■ **What needs to be done**: Return the listing below exactly. Leave its pictures out.

■ **Given information**:

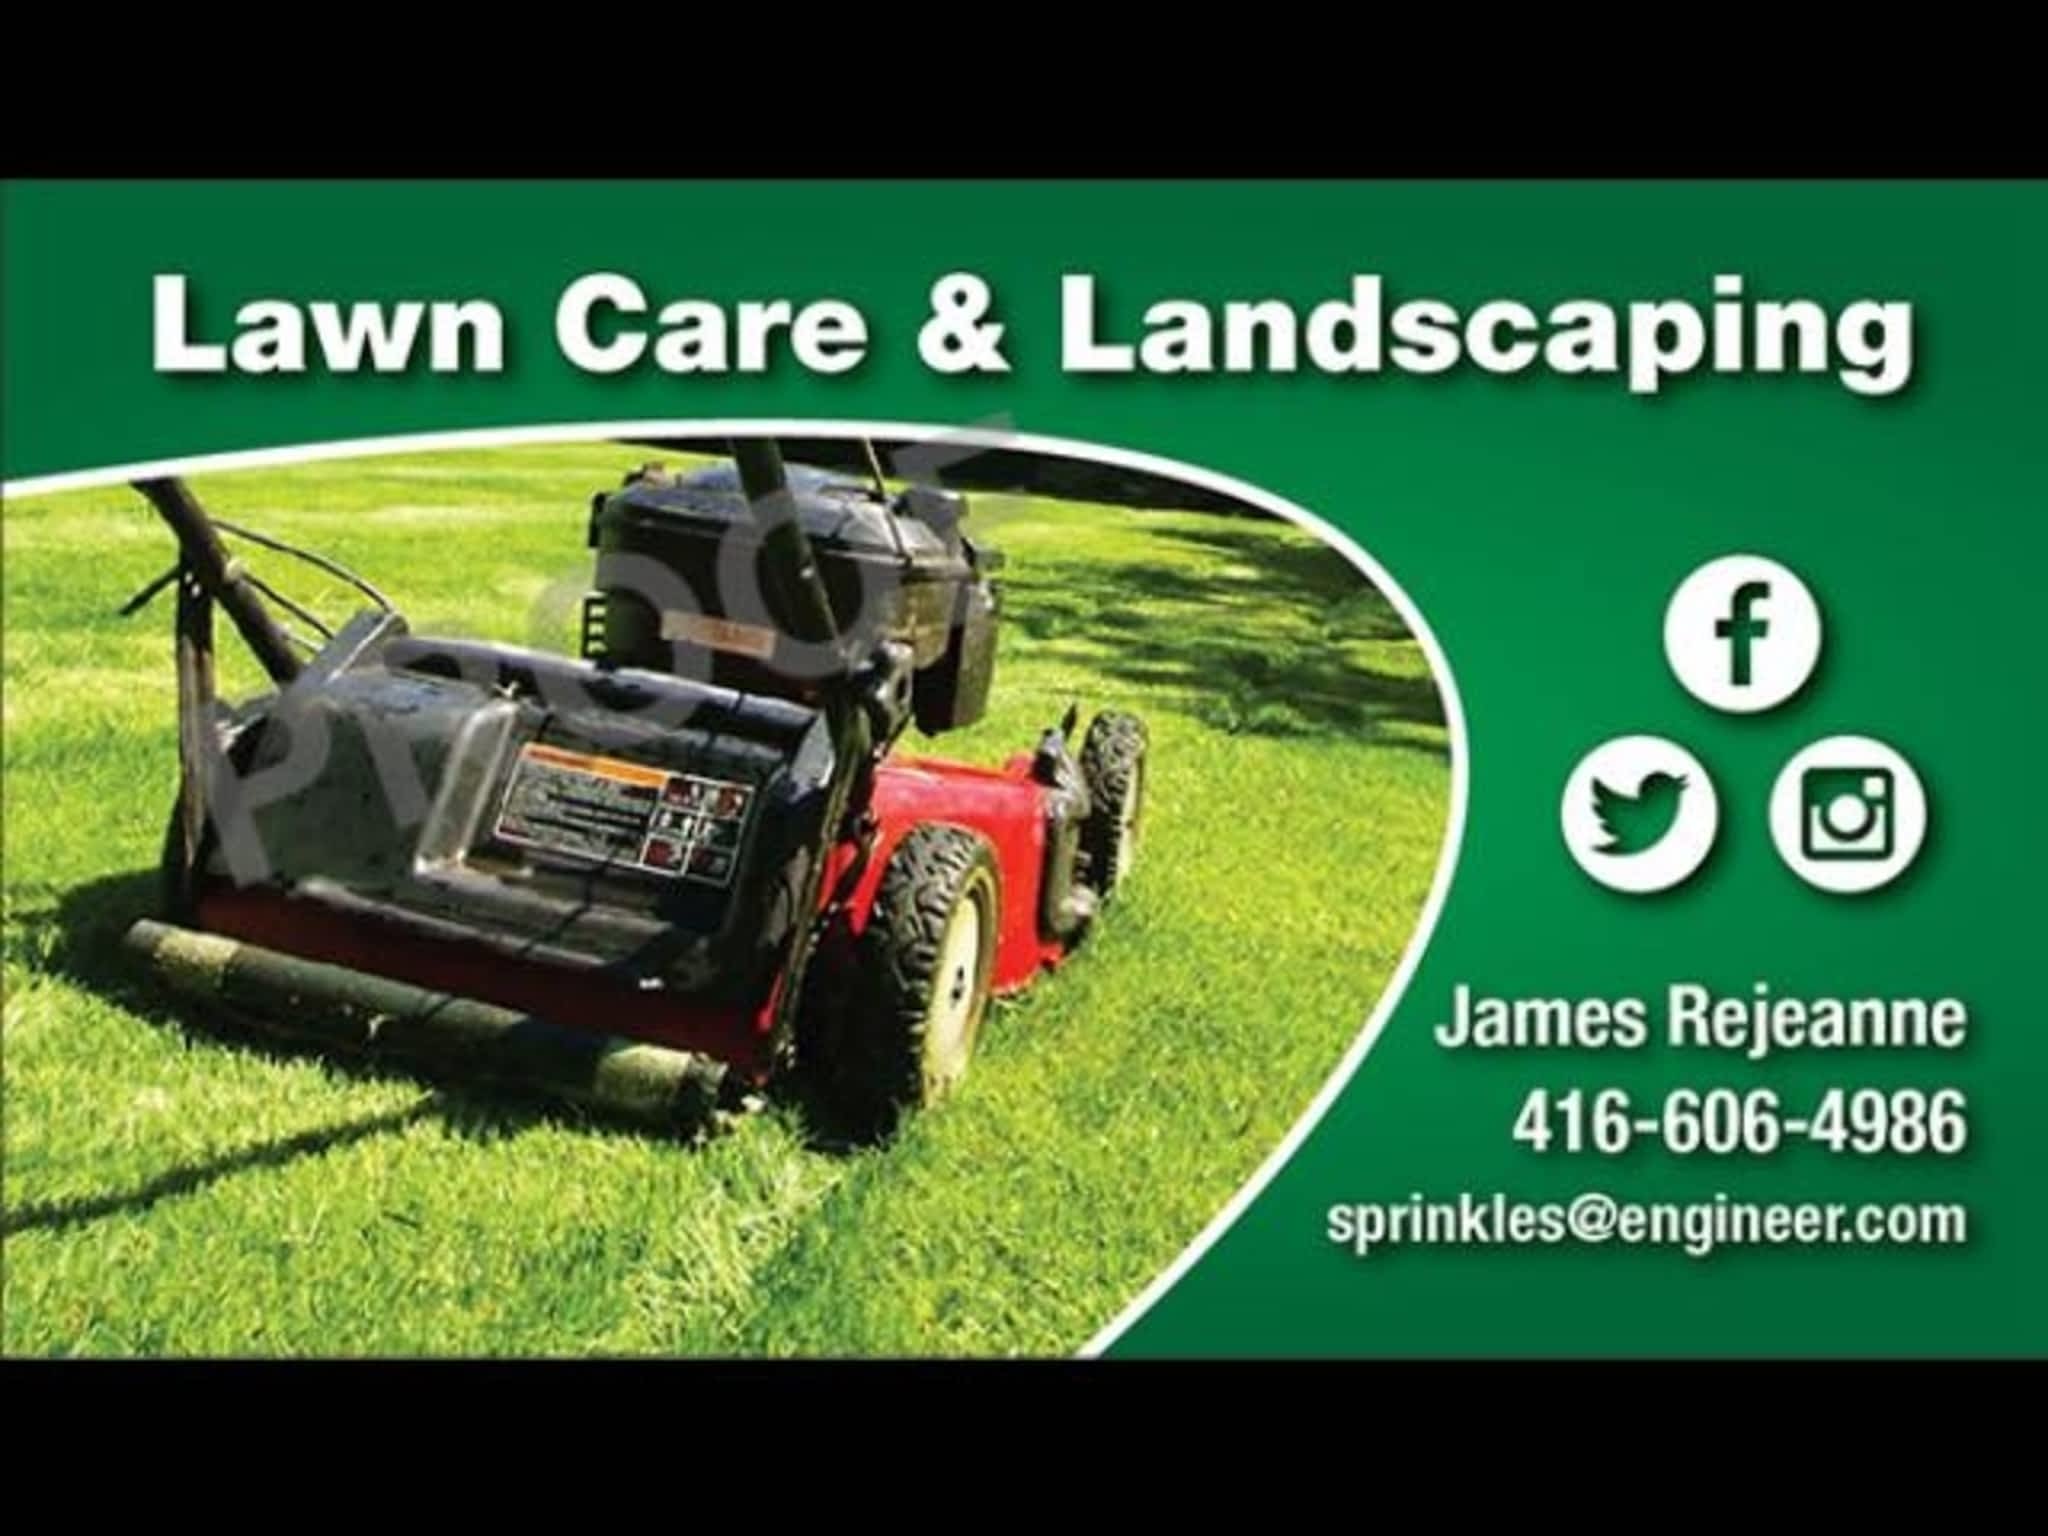 photo Sprinkles Lawn Care & Property Maintenance
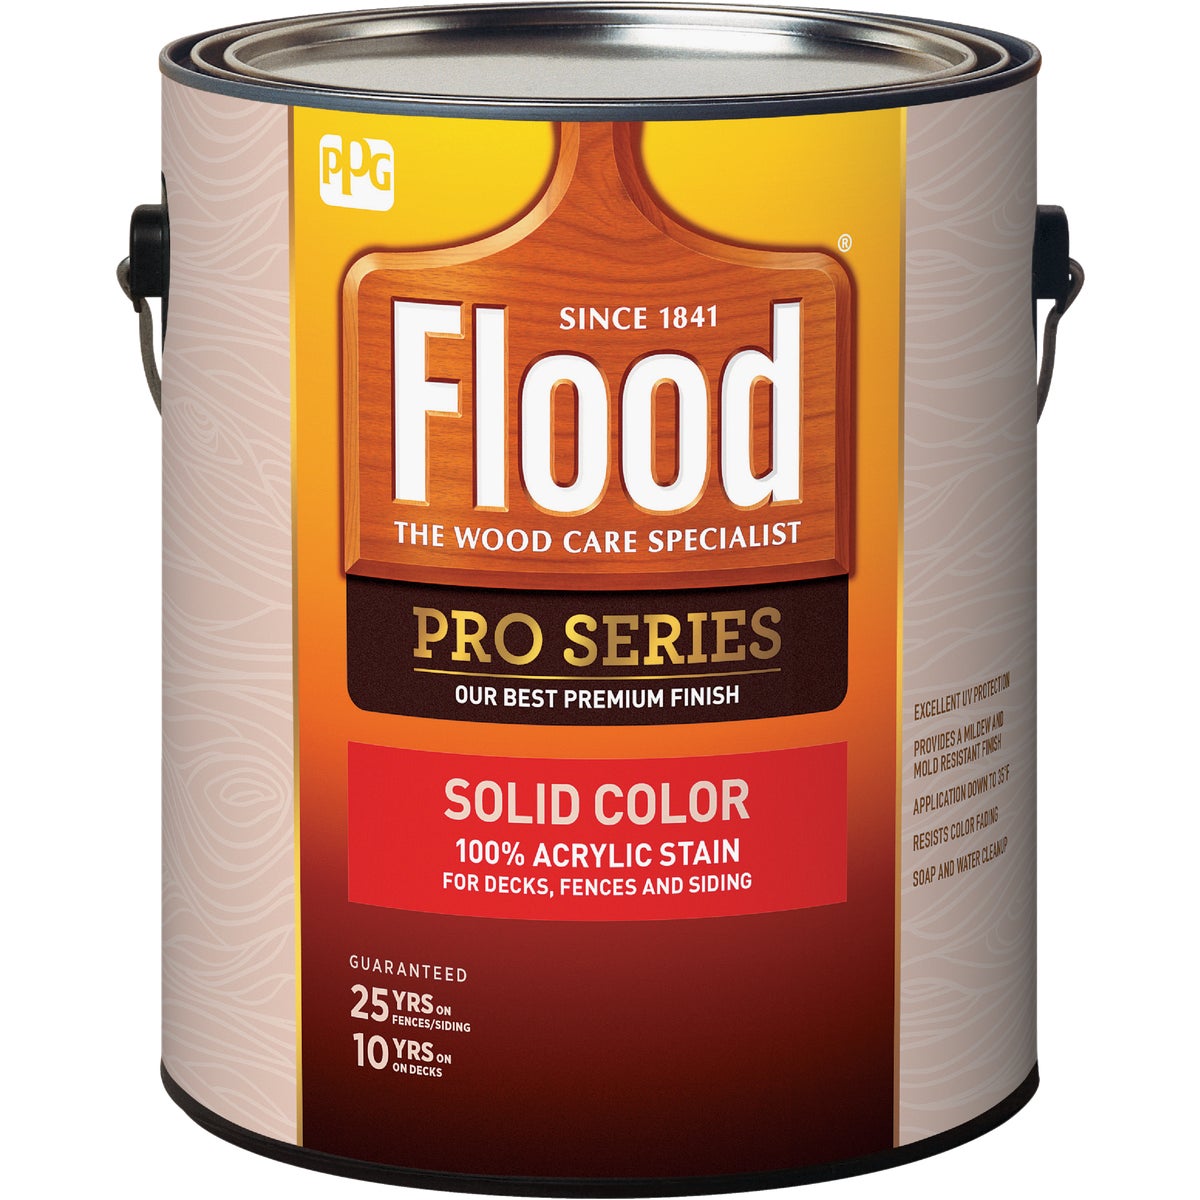 Flood 100% Acrylic Solid Color Deck, Fence And Siding Exterior Stain, Cedar, 1 Gal.
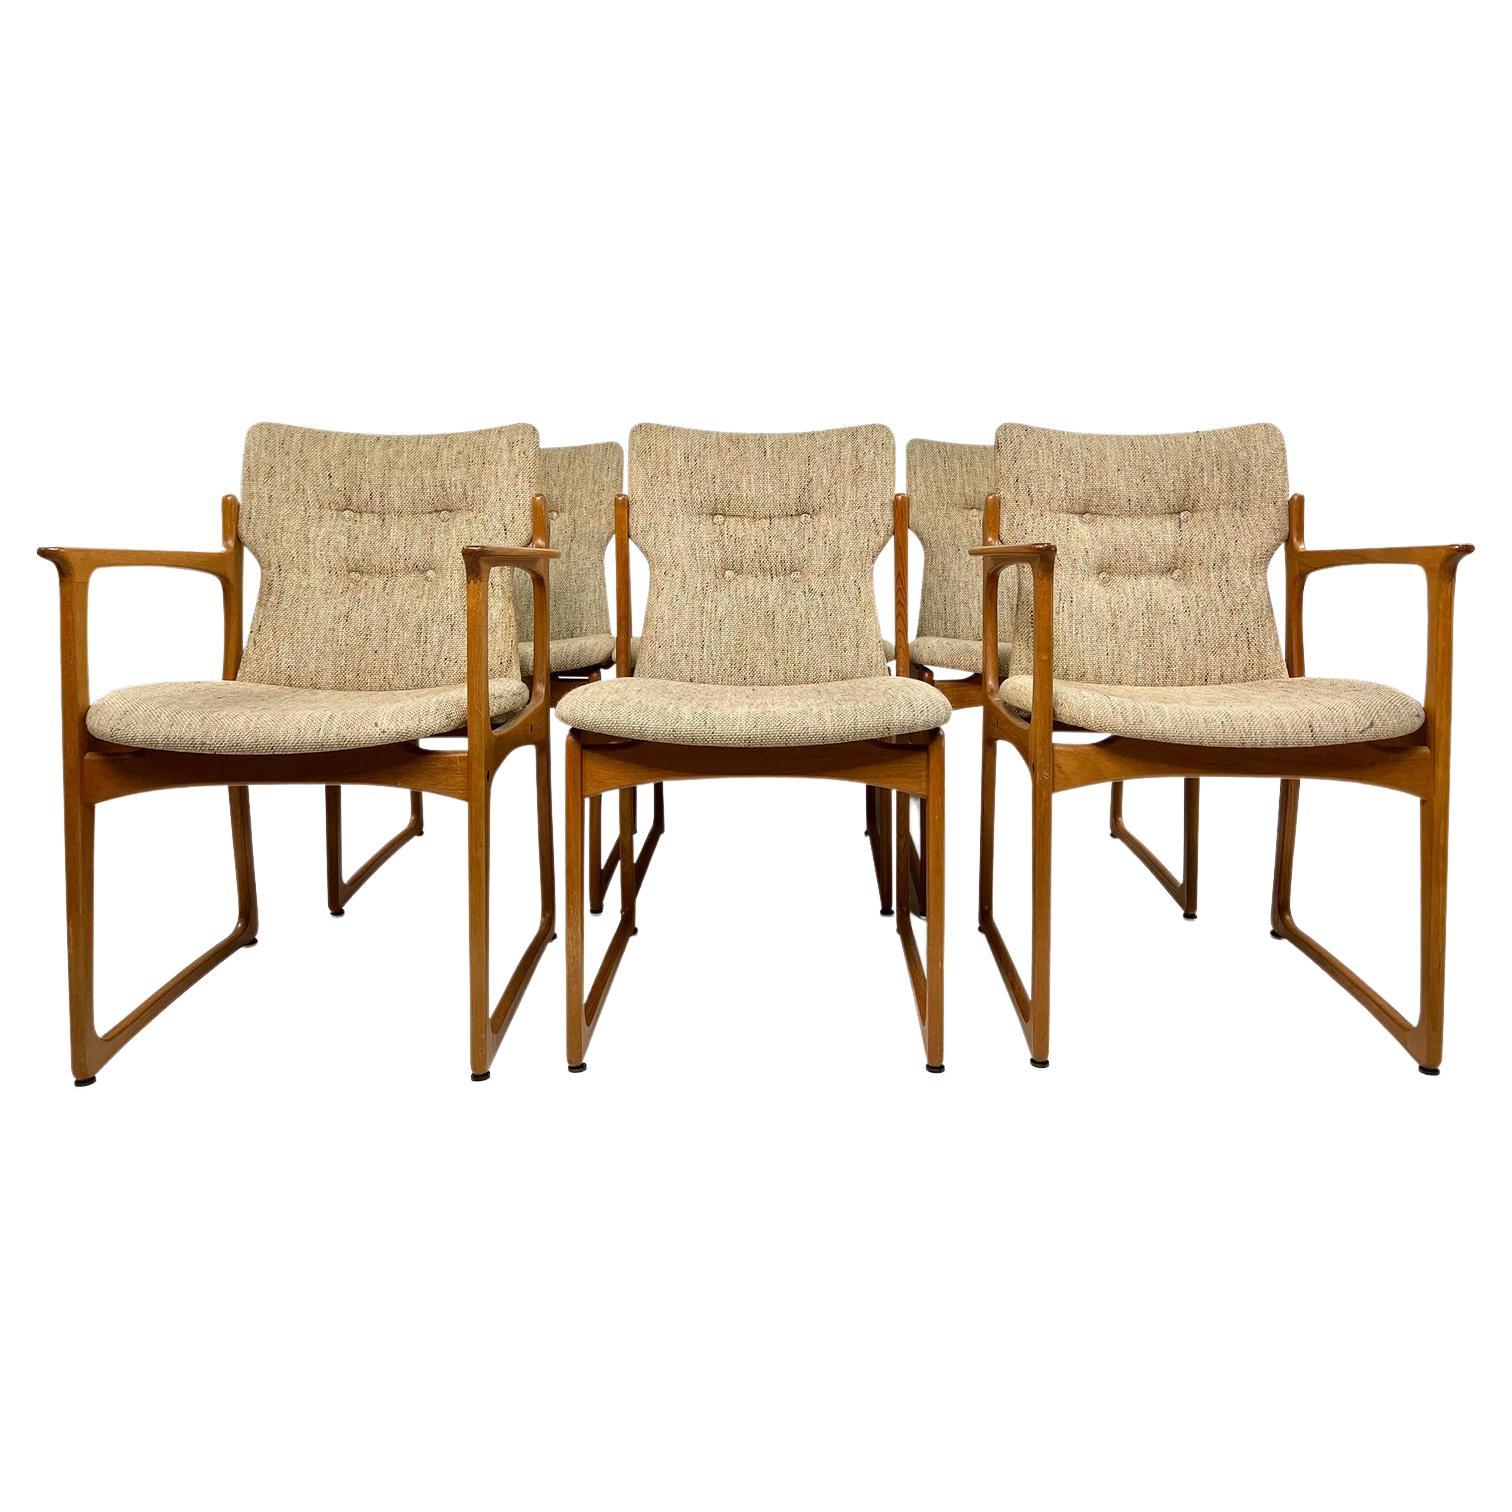 Mid-Century Modern Vamdrup Stolefabrik Teak Dining Chairs, Set of 6

■ **Problem solution**:
 photo Sprinkles Lawn Care & Property Maintenance
 Flood 100% Acrylic Solid Color Deck, Fence And Siding Exterior Stain, Cedar, 1 Gal.
 Mid-Century Modern Vamdrup Stolefabrik Teak Dining Chairs, Set of 6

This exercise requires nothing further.